If I want to be more provocative or cynical or have a few beers, I'd say people are crazy right now. You've got momentum players. You've got algos putting in hundreds of billions of bucks. And I think it could keep going up.

What I've done, I've just peeled back, right? I've been-- I've been selling into strength for like eight weeks now. And I've got a decent average price. But unless you manage money for your own self or unless you're fortunate to have, you know, clients like mine they're definitely behind what I'm doing and they're definitely with me in terms of patience, I think it's got to be very difficult, because I think a lot of portfolio managers out there, they've got to run their book for the next 30 days for their Q2 performance. And if you're living and dying by Q2 performance, you've got to go and screw around in Latin America.

Did you see that yo-yo yesterday? It's just popping. And you have to go around to my hunting ground, small value. That's still popping. But you're not doing it on any fundamentals. You're doing it on a catch up trade. You're doing it on whatever it hasn't popped will and start doing that. You see it in emerging markets.

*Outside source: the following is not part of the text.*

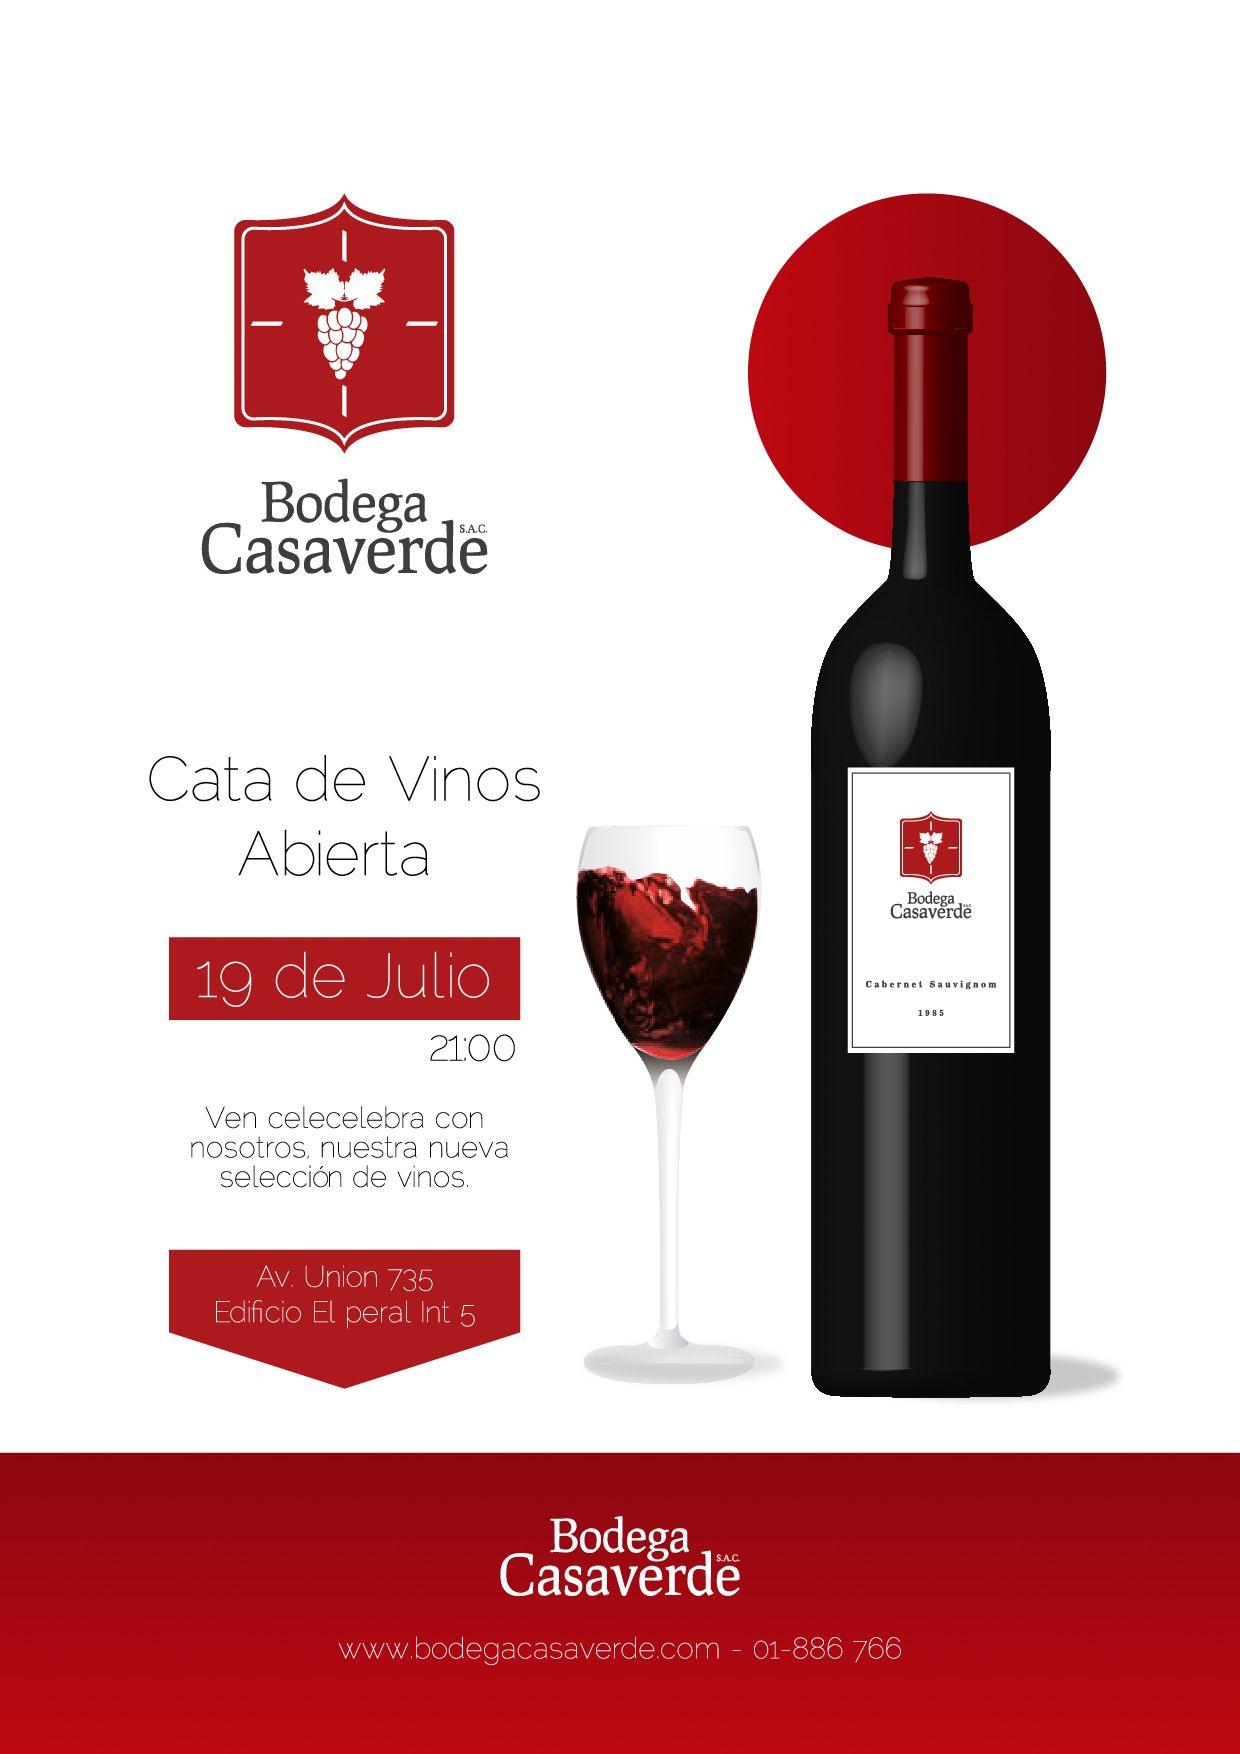 Download Práctica illustrator afiche cata de vinos #edgarcornejo # ...

RICK NEWMAN: Hey, Lee, Rick Newman here. I think I'm speaking for the team here when I say we'd prefer you to be impolite rather than polite. But I just want to get to what you're saying. I'm hearing you saying you'd be more comfortable if you saw-- saw a haircut in valuations. But also what about the fundamentals would actually make you feel better about the markets? What are some triggers at the level of the fundamentals that would make you a more enthusiastic buyer?

LEE MUNSON: Well, OK, why don't we be blunt and say, what would cause you to have to go back to your clients and say, I'm dead wrong, and I need to start buying things. I'll figure out how to make up performance next year, because that's really the question here. Number one, I've got to see these furloughed people go back to work in the next three months.

I've got to see the August ISM numbers, August, September. I have to see manufacturing start picking up a lot. And I have to start seeing next quarter, these earnings start flowing in so that we think that we really will produce somewhere around 130 or higher aggregate earnings on the S&P 500.

The problem is, this is not a bull market where I come on and say, I don't care if things are soft. The banks are lending. You go higher. You buy. You hold your nose. This is not that situation. So unemployment has got to not just top out. But I got to see those people.

Look at AutoNation. You know, they took 7,000 furloughed people. They said, well, we're going to give back our PPP money. It was like 77 million. We're going to permanently layoff half of those people. Half? What if we have half of the 42 million become permanent? Then I'm just going to sit around being right.

SEANA SMITH: [CHUCKLES] We're going to leave it there, Lee. We're going to see if you are right over the next couple of weeks. Lee Munson, always great to have you on the show. Thanks so much for taking the time today.

LEE MUNSON: Awesome. Have a great week.